• nobel ödüllü annie ernaux'nun 'yalın tutku' romanında nefis anlattığı:
    "metroda, bekleme salonlarında, insanın hiçbir şey yapmamaya hakkı olduğu her yerde oturur oturmaz a.'yı düşlemeye dalıyordum. bu durumun içine girdiğim saniyede beynimde bir mutluluk spazmı gerçekleşiyordu. sanki beyin aynı imgelerin, aynı anıların sürekli hücumuna uğrayıp diğerleri gibi bir cinsel organ haline gelerek doyuma ulaşabiliyormuş gibi, kendimi fiziksel bir hazza bıraktığımı sanıyordum.

    her şey, sevişmek için birlikte olduğumuz anlar dışında, sonu gelmeyen bir eksiklikti. üstelik, daha sonra gideceği an bende saplantıya dönüşmüştü. hazzı gelecekteki bir acı gibi yaşıyordum."

    kaynak: ernaux, a.(2022).yalın tutku. (y. avunç, çev) istanbul:can yayınları.(orijinali 1991)

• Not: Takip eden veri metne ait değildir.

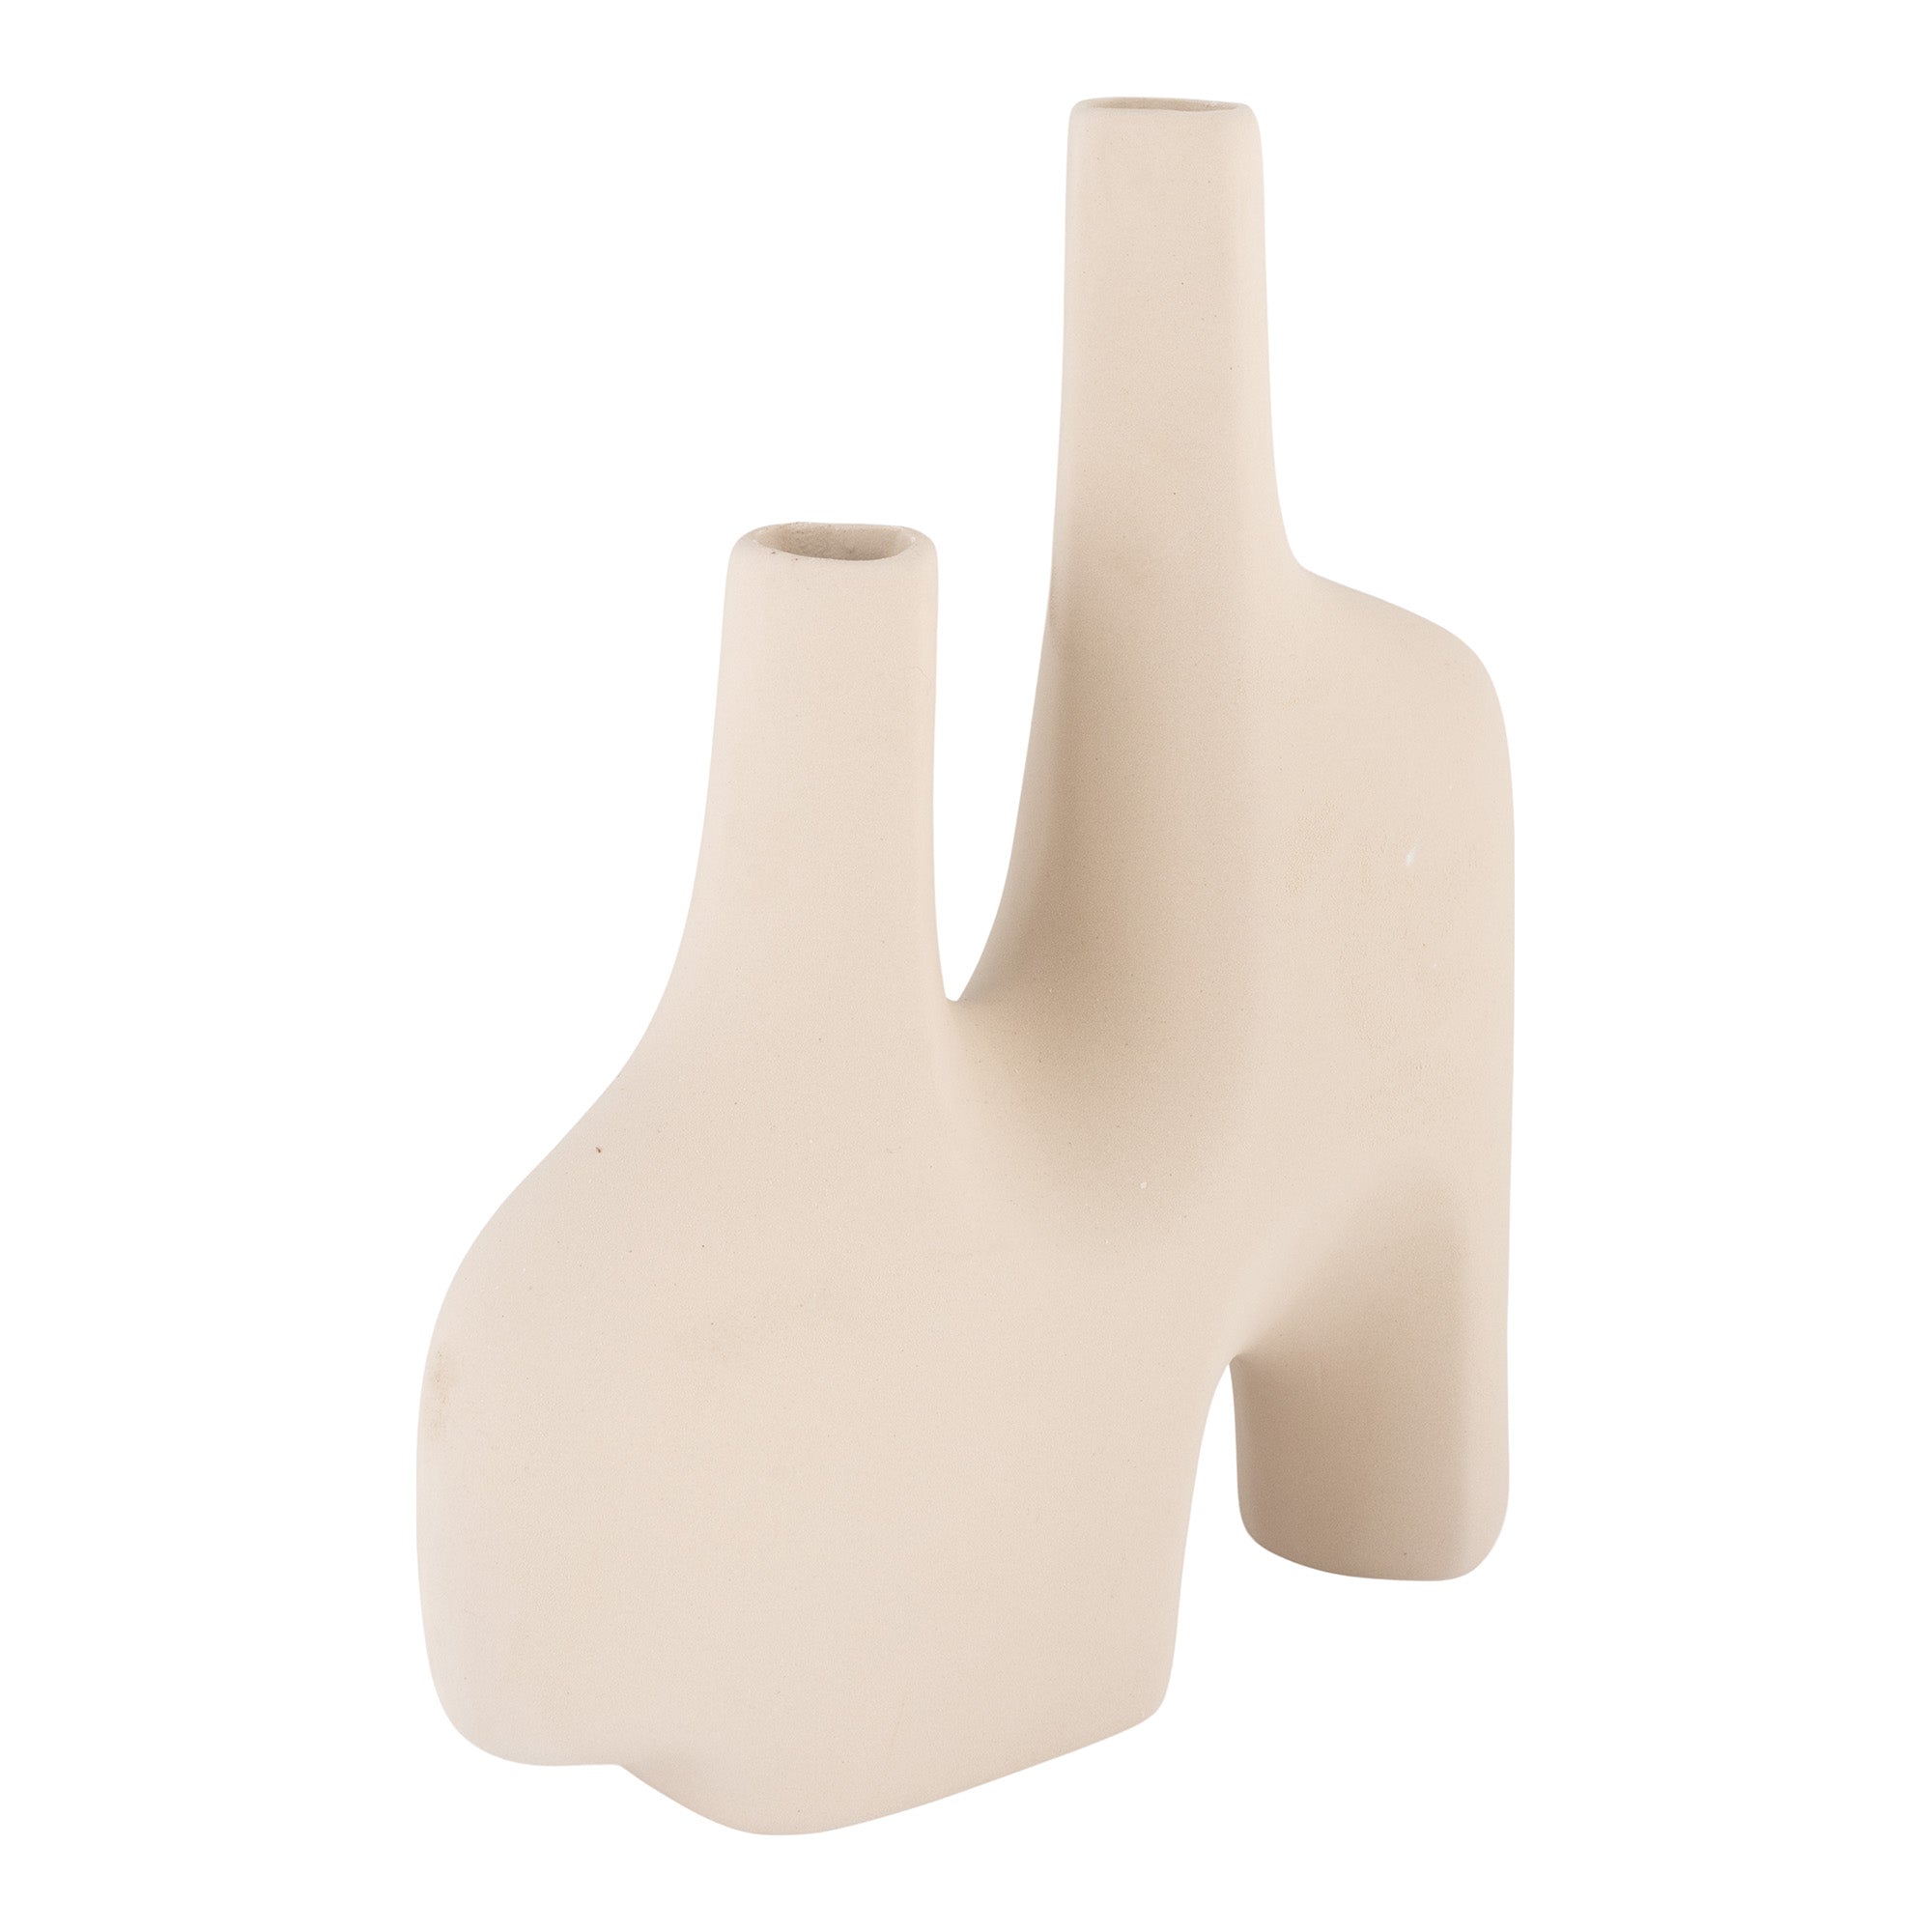 Vase - Vase I Keramik, Sand, Organisk Form Med To Åbninger, 23,5X8X27 Cm ⎮ 5713917019762 ⎮ 4441700 
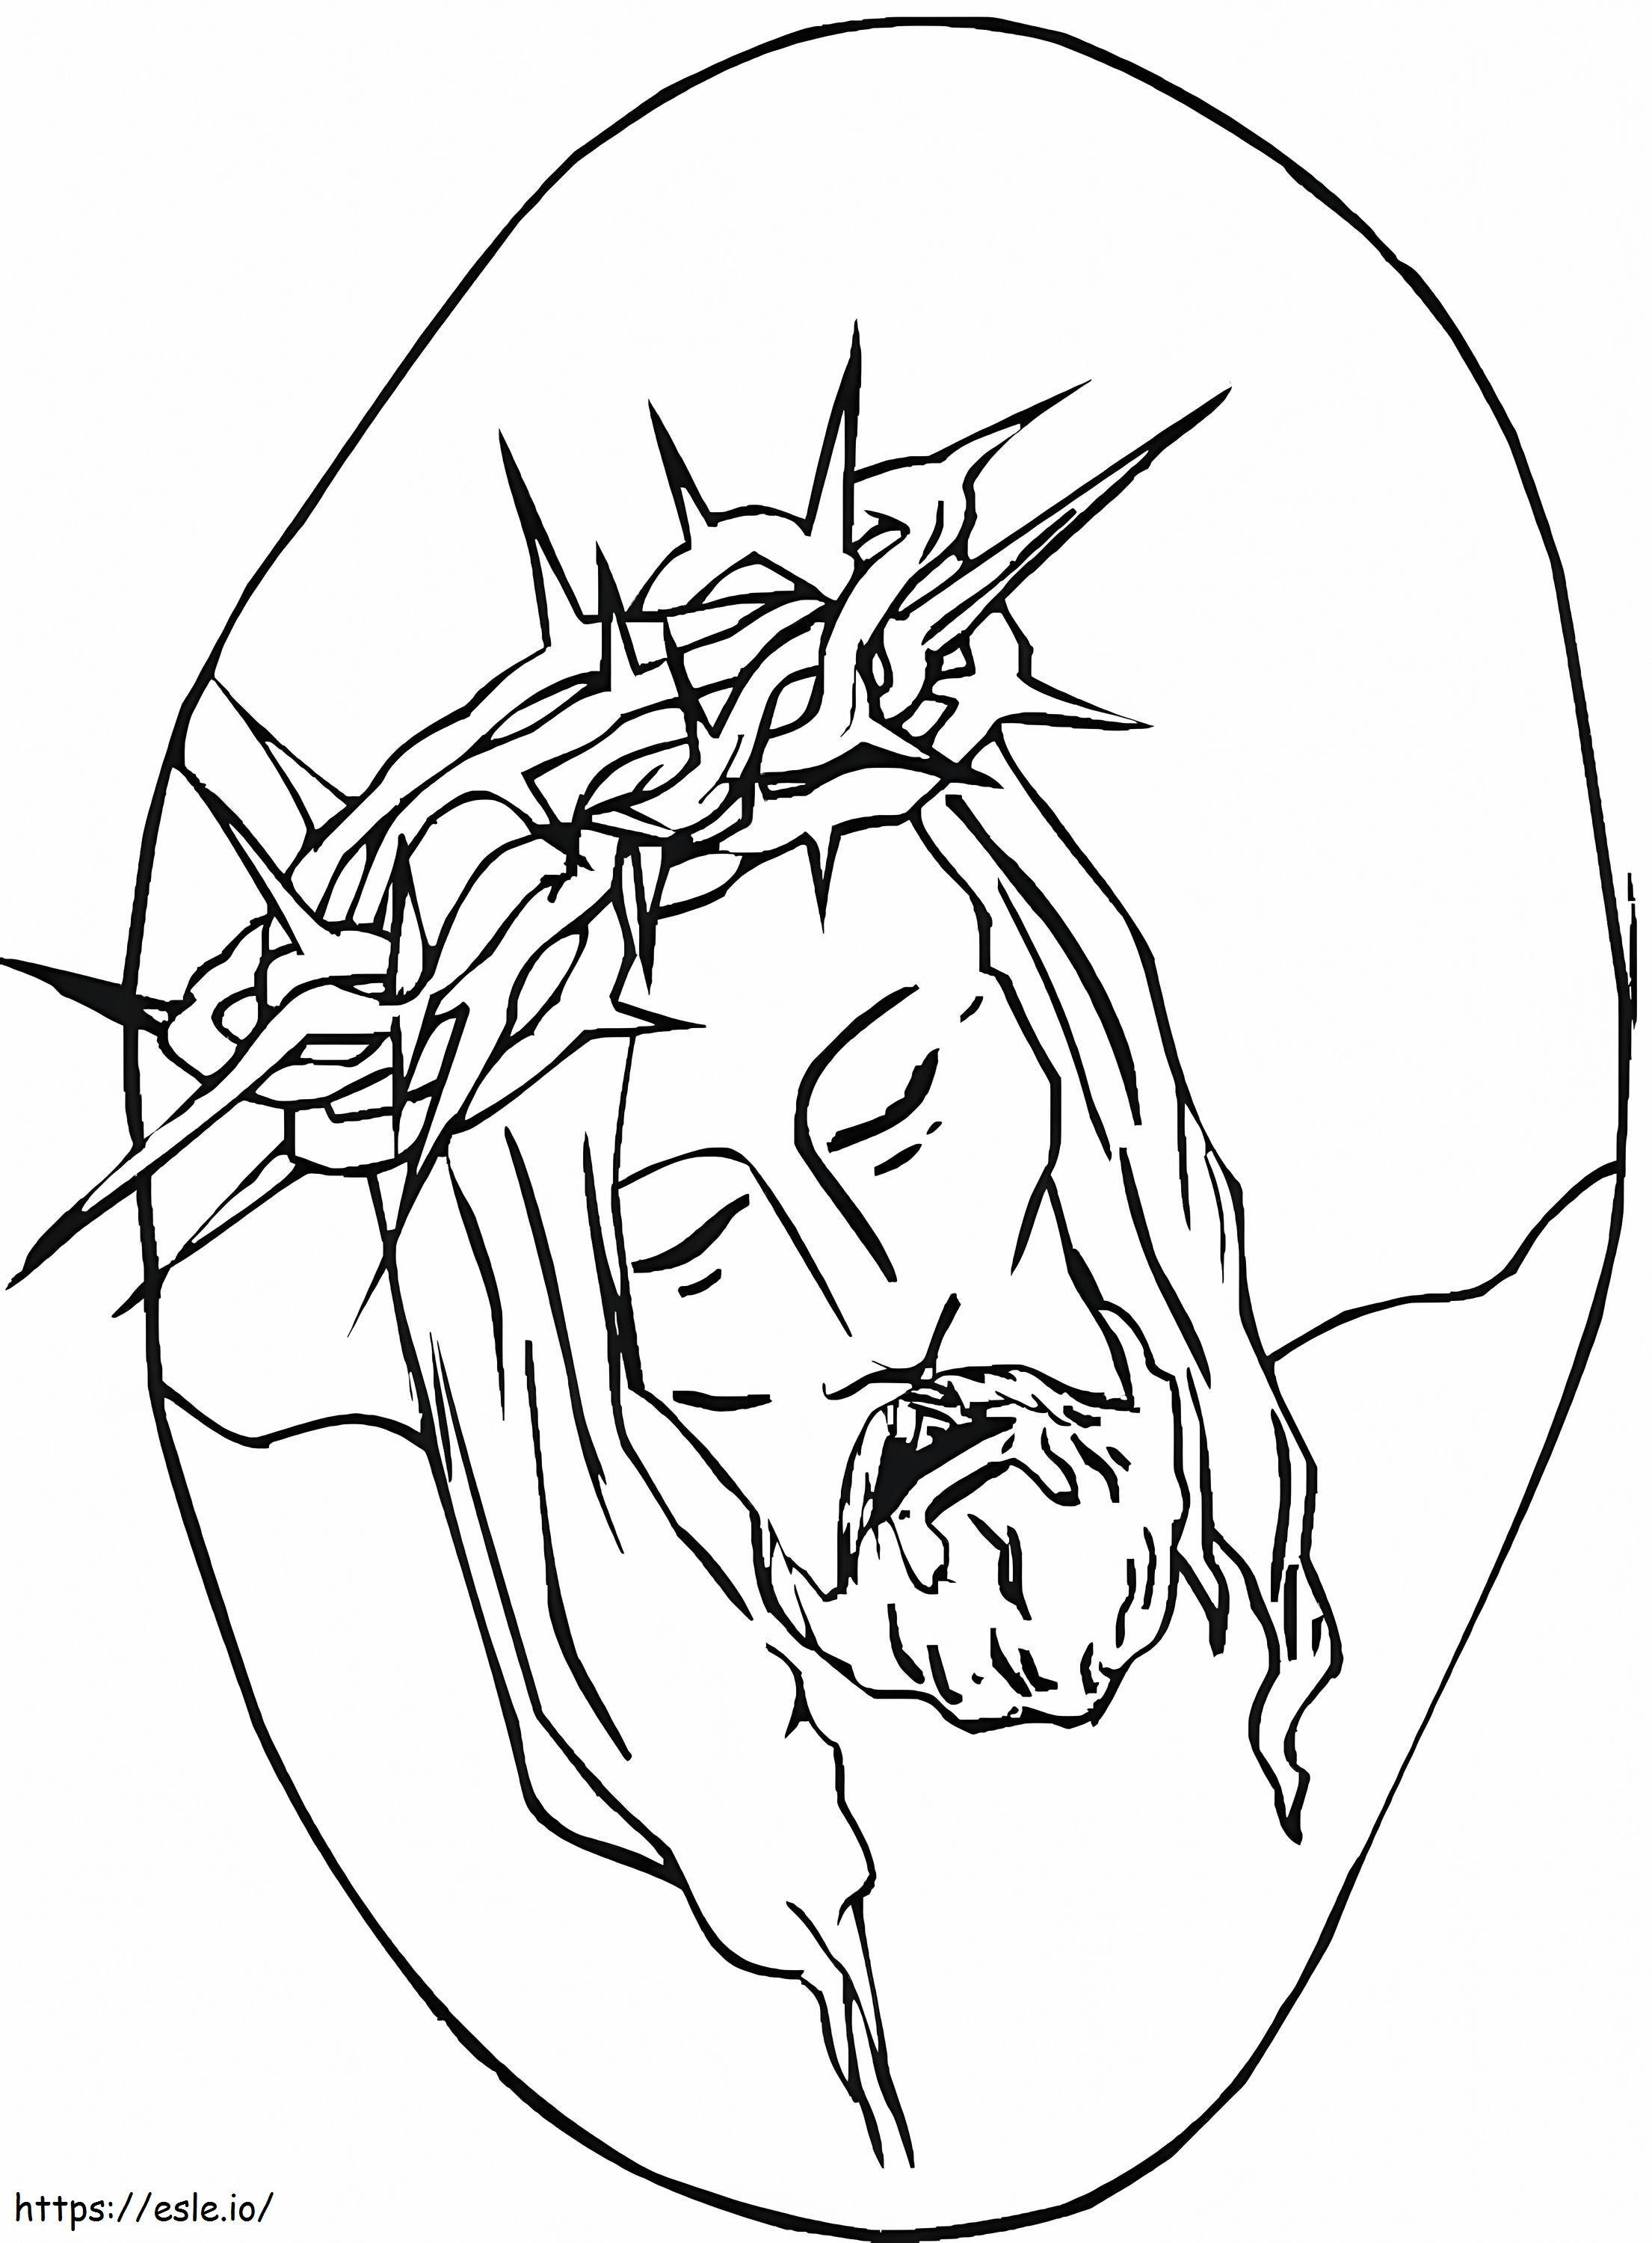 İsa'nın başı boyama

  • schopenhauer şöyle diyor:
    "tutkunun en yüksek derecesi genel olarak bütün türlerde kendini gösteren yaşama iradesinin, belli bir bireyin ortaya çıkmasını istemesini sağlayacak kadar birbirine uygun kimselerin; babanın karakteriyle ananın zekasının denk düştüğü kimselerin arasında doğabilir. ve yine bu durumdan ötürü, burada duyulan tutku, ölümlü bir insanın yüreğine sığmayacak kadar büyüktür. nitekim bu tutkuyu duyan insanoğlunun kavrayış gücü de, tutkunun gerçek nedenlerini anlayacak güçte değildir. gerçek ve büyük bir aşk tutkusunun temeli budur işte. demek ki, iki bireyin, karşılıklı olarak çeşitli bakımlardan birbirlerine uygunlukları ne kadar eksiksizse karşılıklı tutkuları da o kadar güçlü olacaktır." (s. 36)


    kaynak:
    schopenhauer, a. (2019). aşkın metafiziği. (çev. selahattin, h.) yapı kredi yayınları.